终于看清楚了,是一个男人,不是东西。
但冷然的周全,却使得拍门人这一会的功夫已在十米之外的巷道中。
心念飞转的冷然更是确定了,前头的这个人,就是在客栈前瞧见的那条鬼鬼祟祟的身影。
他叫了一声:“我去追他!”便飞快地纵身到滂沱的大雨中。
前面的人似乎感觉到了,步伐明显地紧凑起来。
但冷然的腿估计要长些,眼见缩短了好长一段距离。
被追的人也就在这时,猛地压住了去势,稍稍停顿,转身便钻了进去。
冷然赶到前头,原来是一个更狭的巷子。
他追出来的方向和先前阿炳带进来的方向正好一致,但就算是走过的路,这里的环境对他来说也只有“陌生”两个字来形容。

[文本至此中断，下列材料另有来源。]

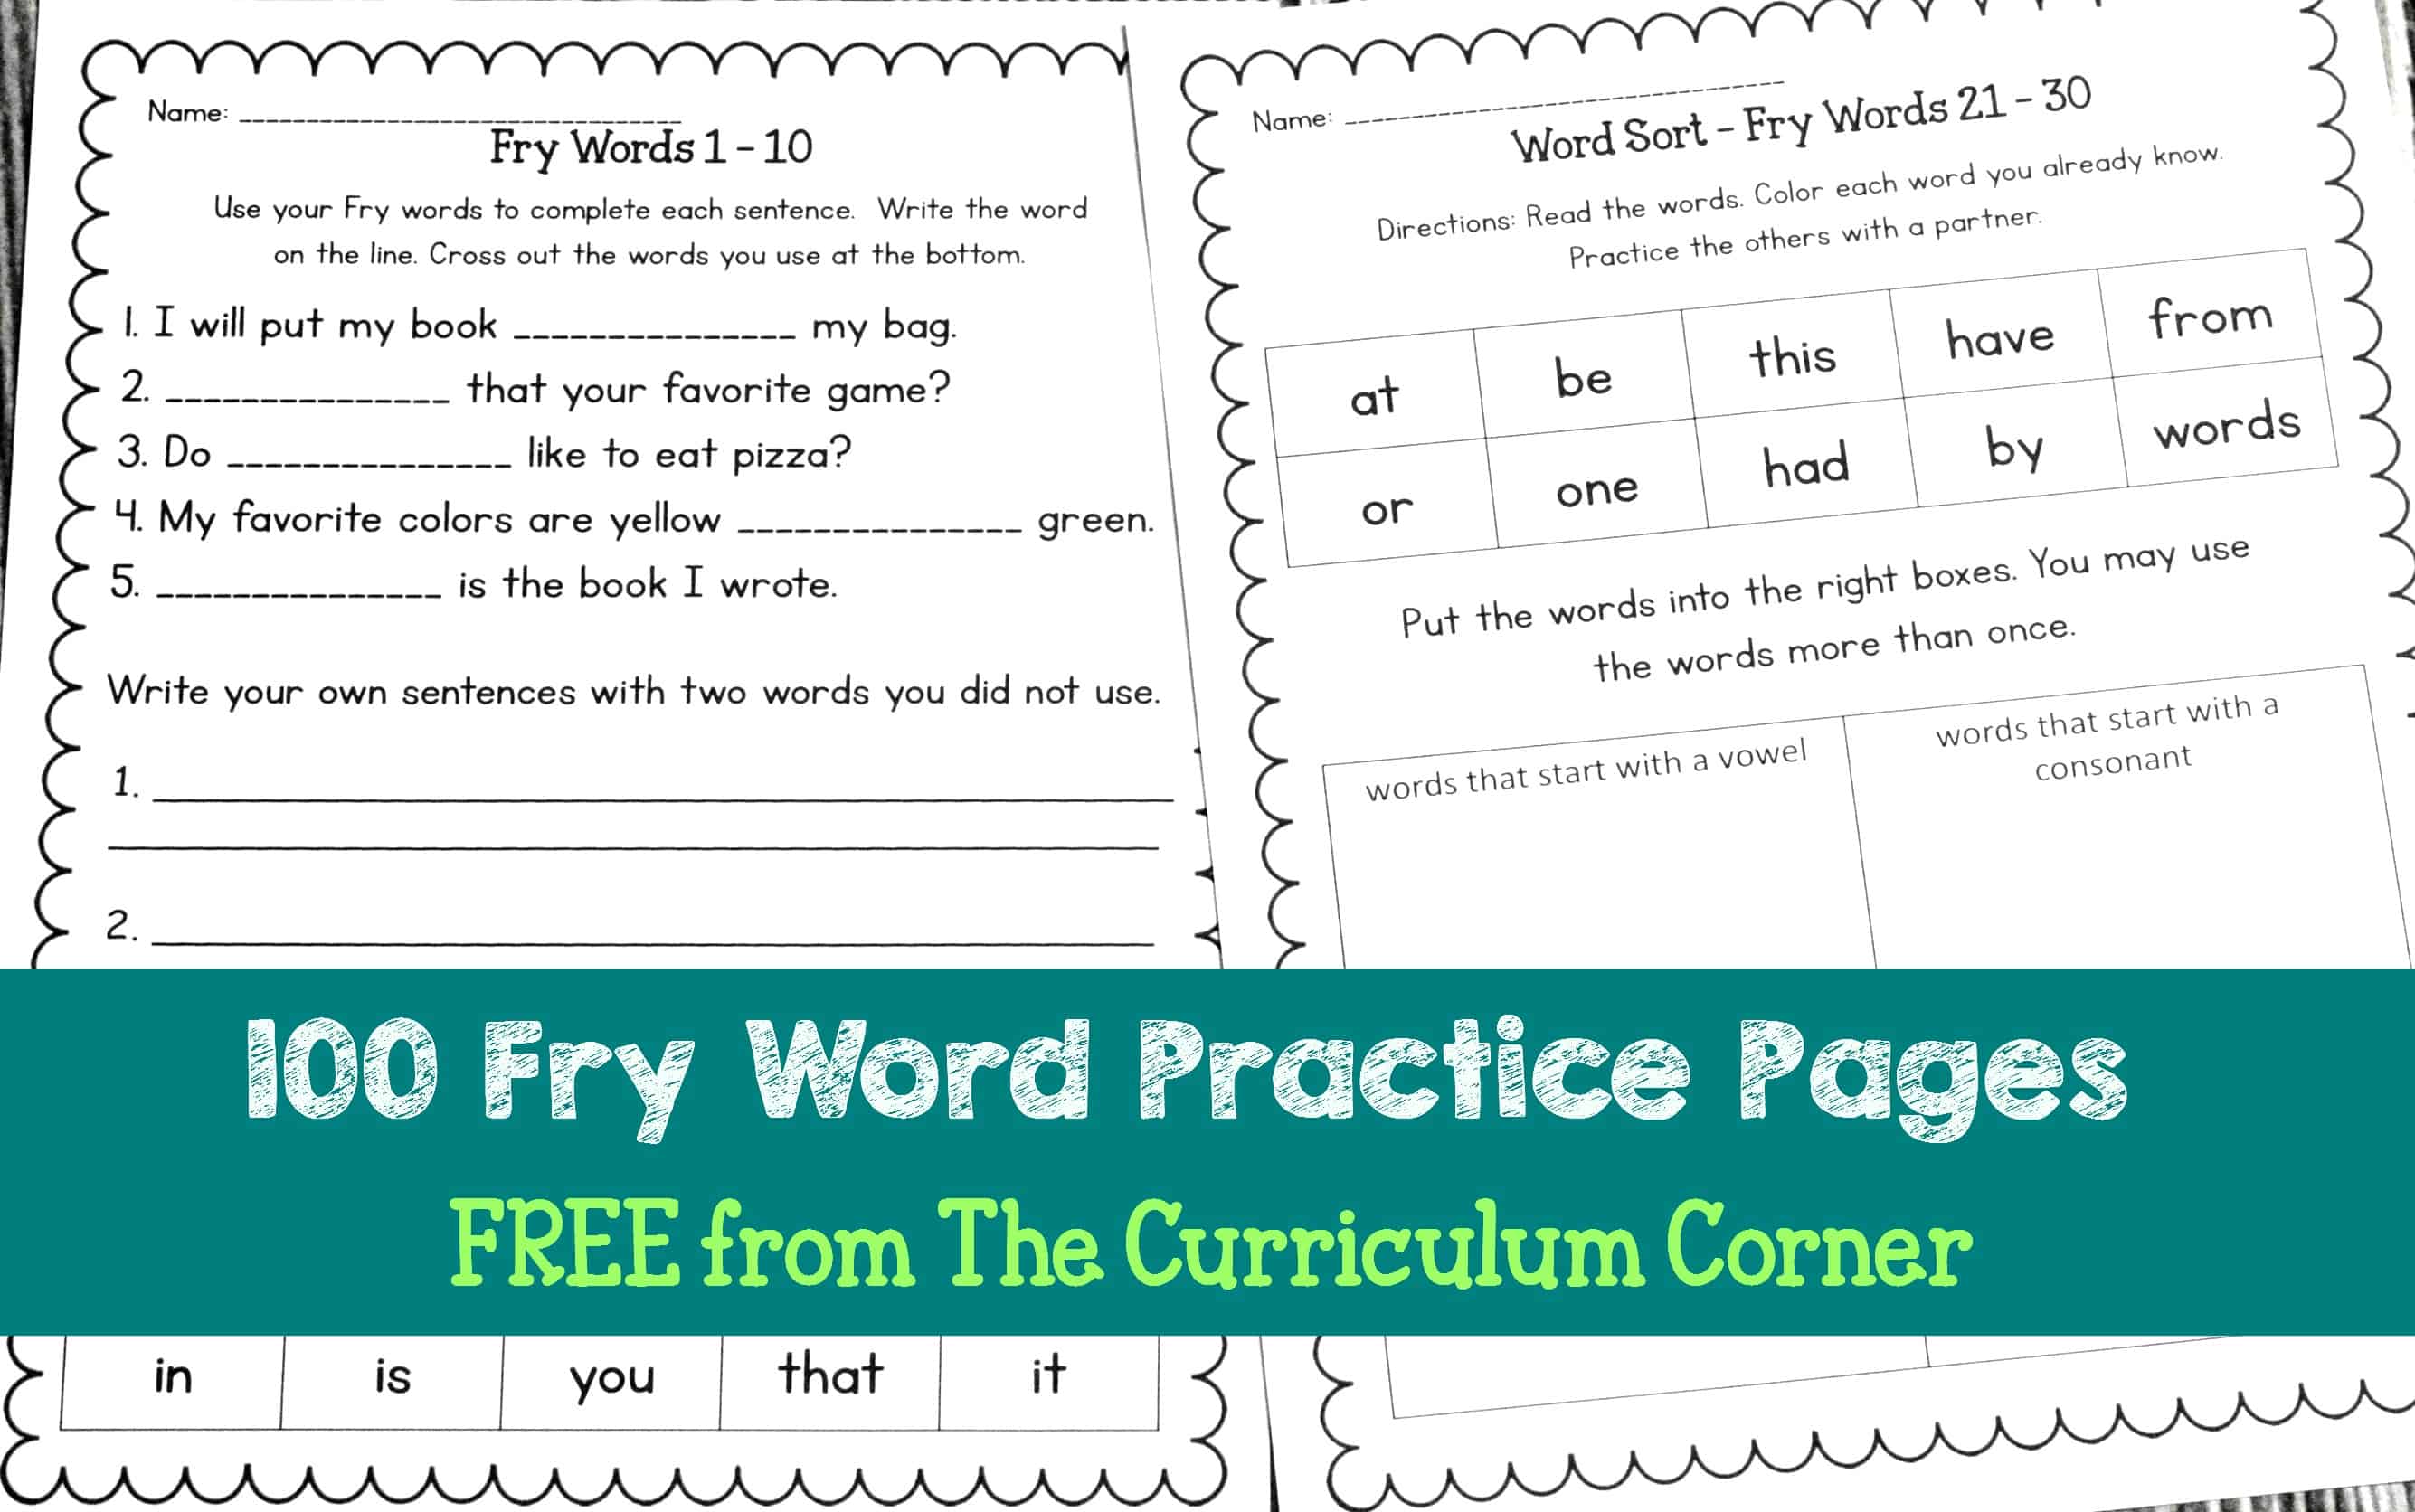 fry-word-practice-pages-the-curriculum-corner-123

他暗暗后悔没叫上阿炳,又是半秒的迟疑,还是跟了进去,却没了那人的身影。
冷然知道马上又会有一条狭巷,因为看得到尽头的小路,这一会的时间一个人不可能跑得没有踪影,除非是鬼。
一向谨慎的他略略收住了脚步,凭感觉应该是左拐,所以他的左脑指挥了所有的关注把他的身体也渐渐地倾向了这一边。
就好像打巴掌的游戏,看到对方举起左手,便会全神贯注其上,结果却被右手轻易地打到。
冷然就是这样,被一记右侧的闷棍敲得眼前一黑,跟着就不省人事。雨还在下,丝毫没有减弱的势头。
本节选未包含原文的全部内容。